St. Andrew’s Day
Heritage, Scottish Holidays
St. Andrew’s Day is the feast day of Saint Andrew. It is celebrated on the 30th of November.
Who is St. Andrew & What is St. Andrew’s Day?
Saint Andrew is the patron saint of Scotland, and St. Andrew’s Day (Scots: Saunt Andra’s Day, Scottish Gaelic: Là Naomh Aindrea) is Scotland’s official national day. In 2006, the Scottish Parliament designated St Andrew’s Day as an official bank holiday. It is also a national holiday in Romania.
Although most commonly associated with Scotland, at least in the English-speaking world, Saint Andrew is also the patron saint of Greece, Romania, Russia, Ukraine, Cyprus, the Ecumenical Patriarchate of Constantinople and Saint Andrew, Barbados.
In Germany, the feast day is celebrated as Andreasnacht (“St Andrew’s Night”), in Austria with the custom of Andreasgebet (“St Andrew’s Prayer”), and in Poland as Andrzejki (“Little Andrews”, diminutive), in Russia as Андреева ночь (“Andrew night”).
Scotland’s Flag – The Saltire – The Cross of St. Andrew
The Saltire is the national flag of Scotland and, with a white diagonal cross on a blue background, it represents the crucifixion of the apostle St Andrew, Scotland’s patron saint.
Believed to be the oldest flag in Europe, the origin of the flag comes from an old legend. Tradition has it that the flag originated in a battle fought near the East Lothian village of Athelstaneford in AD 832.
An army of Picts and Scots under King Angus invaded the Lothians (at that time still Northumbrian territory), and found itself surrounded by a larger force of Saxons led by Athelstan. Fearing the outcome, King Angus led prayers for deliverance and was rewarded by seeing a cloud formation of a white Saltire against the blue sky.

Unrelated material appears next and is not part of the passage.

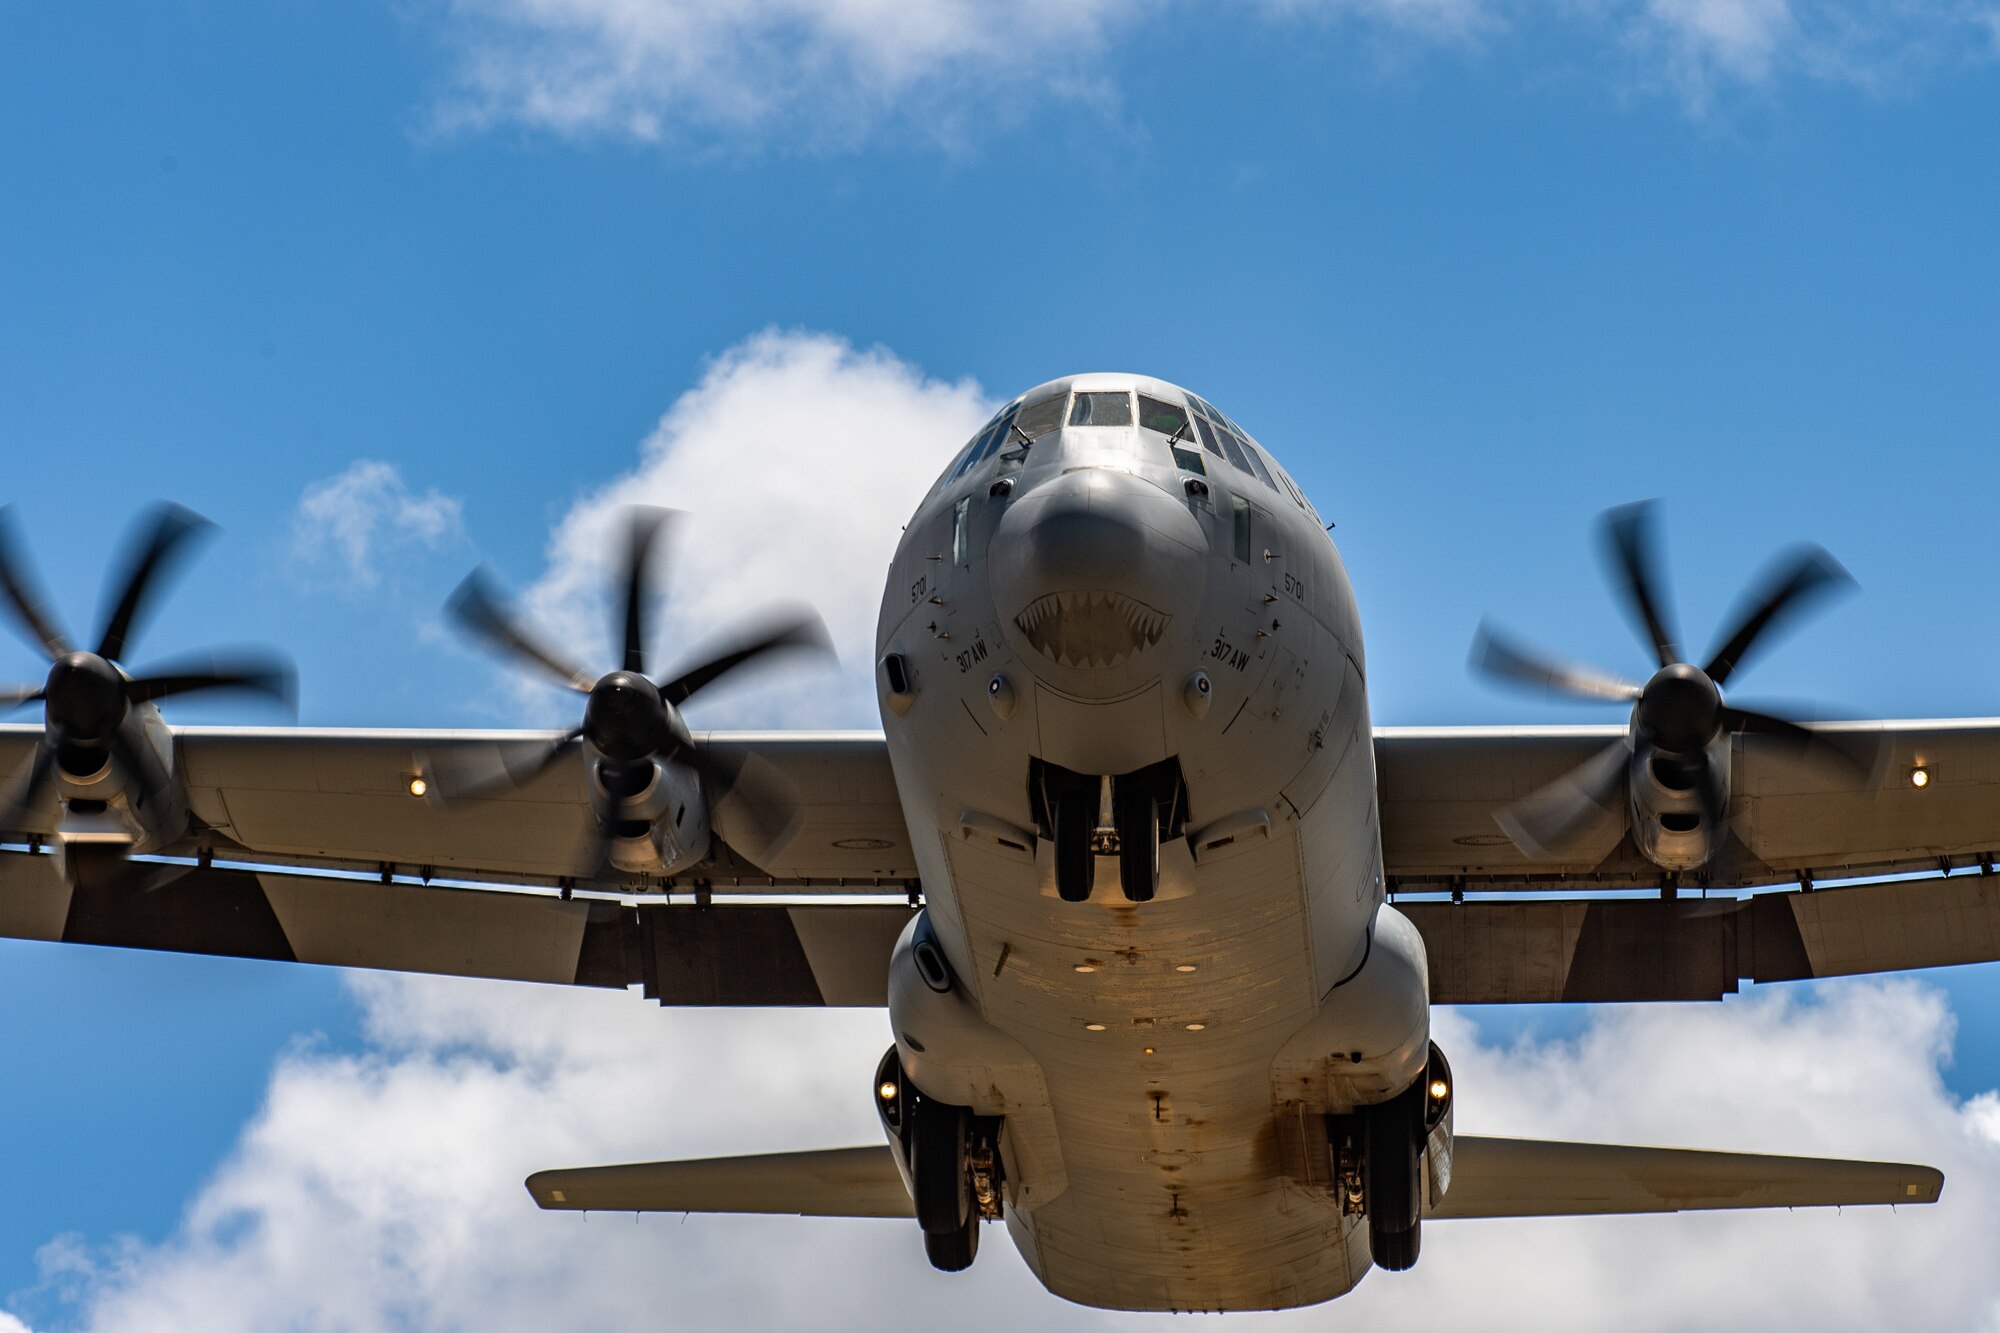 A U.S. Air Force C-130J Super Hercules approaches for landing at Camp Simba, Kenya, Aug. 26, 2019. The aircrew, assigned to the 75th Expeditionary Airlift Squadron, transport cargo and personnel for the 475th Expeditionary Air Base Squadron at Camp Simba. (U.S. Air Force photo by Staff Sgt. Devin Boyer)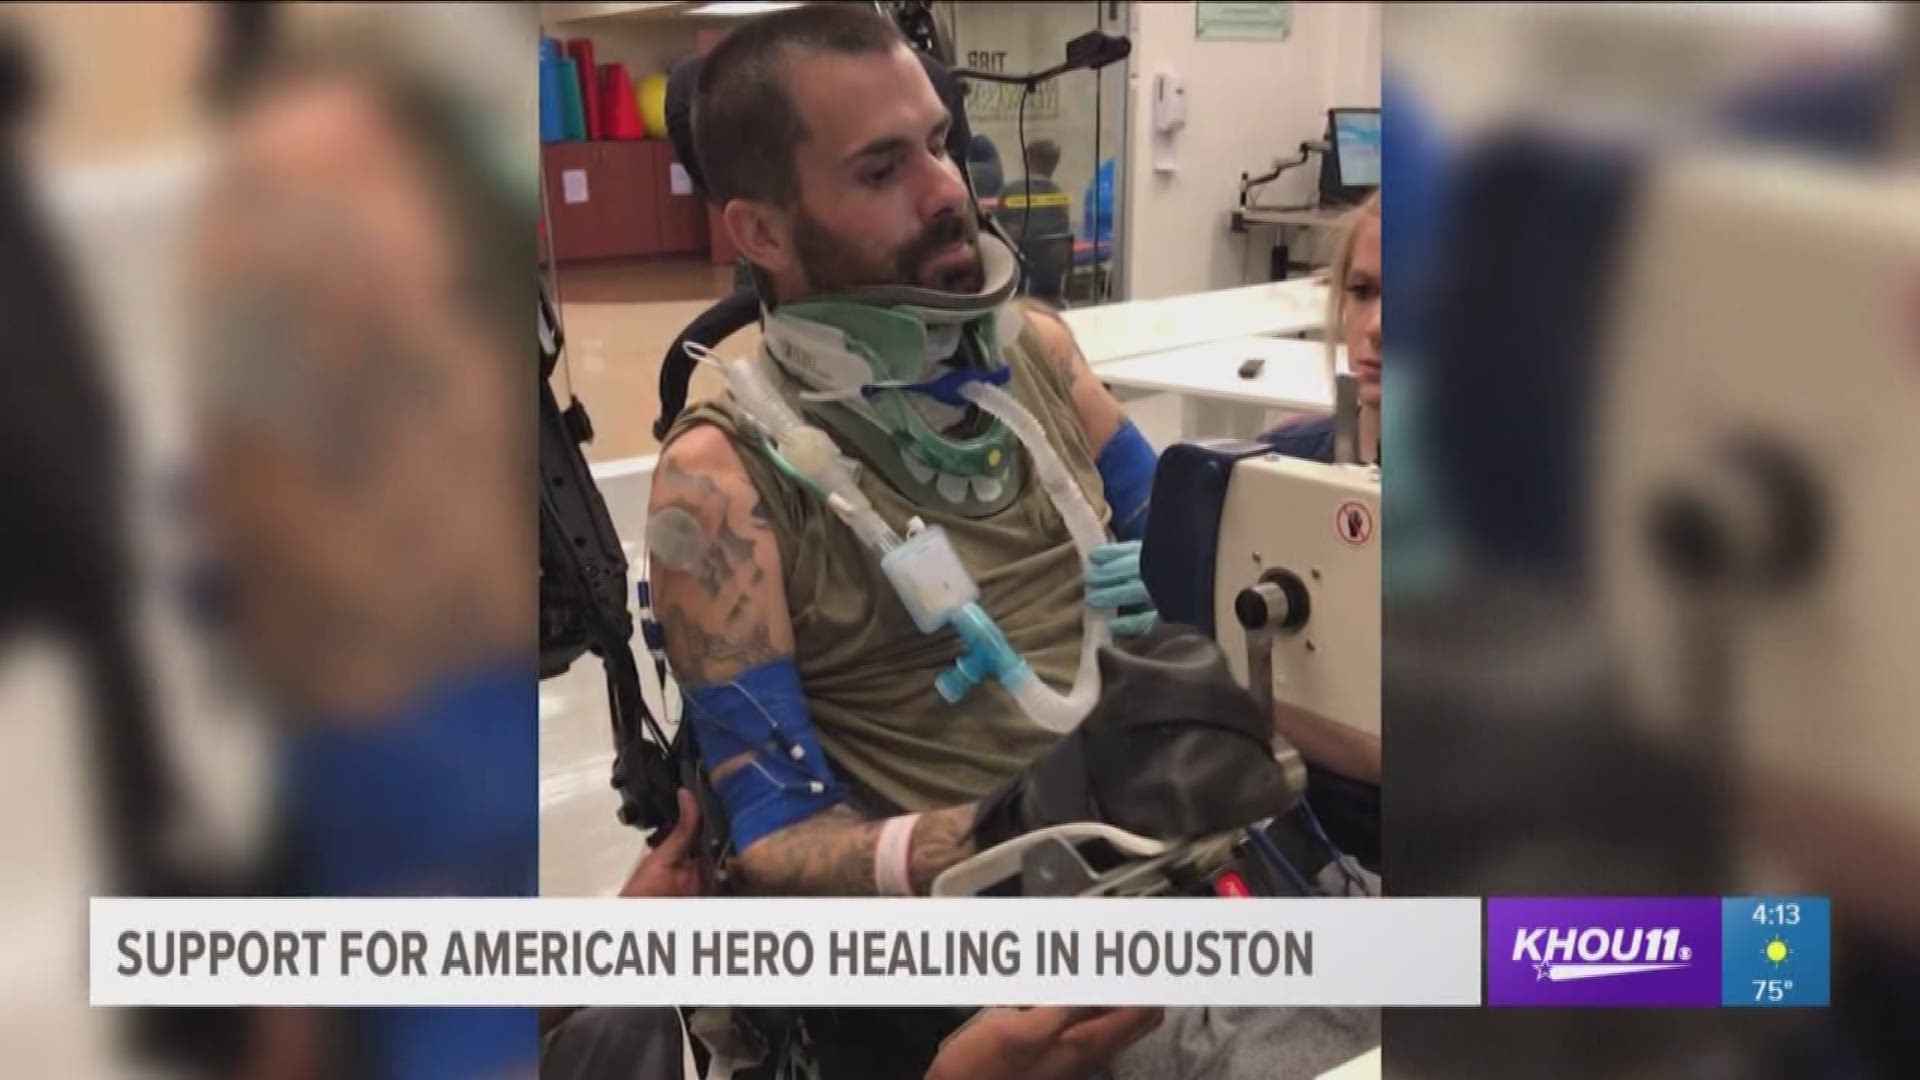 The man is an American hero. He nearly lost his life when he was clearing explosives from a hospital in Syria. Now, he's recovering here in Houston.

The king vowed that if, with the saint’s help, he gained victory, then Andrew would thereafter be the patron saint of Scotland. The Scots did win, and the Saltire eventually became the flag of Scotland.
In 2003 the Scottish Parliament specified the official colour of the flag using the international color coding system and it was decided that the white St Andrew’s Cross should appear on an azure background known as Pantone 300.
Along with the royal flag, the Lion Rampant, the Saltire can be seen flying with gusto in the crowds of international sporting events, on churches and on national and local government offices.
Customs And Traditions Of St. Andrews Day
People in Scotland and Scottish people who find themselves living abroad celebrate St Andrew’s Day by playing or listening to bagpipe music and dancing to Scottish music.
The day following St Andrew’s Day marks the first day of Advent on 1 December.
A young woman or girl should pray on the night of the 29 November to be married. They would look for a sign about their future husband on the 30 November. One such sign would be to throw a shoe at the door of her parents house. If the toe pointed to the house she would be staying there another year. If it pointed away from the home she would be leaving to be wed within the year and live with her spouse.
Another old custom from Saint Andrew Day is that a young woman should try and peel an apple in one go. This peel would then form the initial name of her intended.
There is no specific food that should be eaten on St Andrews Day, though some enjoy cock-a-leekie soup as a started and a main course of haggis whilst others eat fish because Saint Andrew was a fisherman.
A modern day custom on Saint Andrews day is free admission to Scottish Castles that are maintained by Historic Scotland. These include free entry to Edinburgh Castle, St Andrews Castle and St Andrews Cathedral today to celebrate St Andrews Day.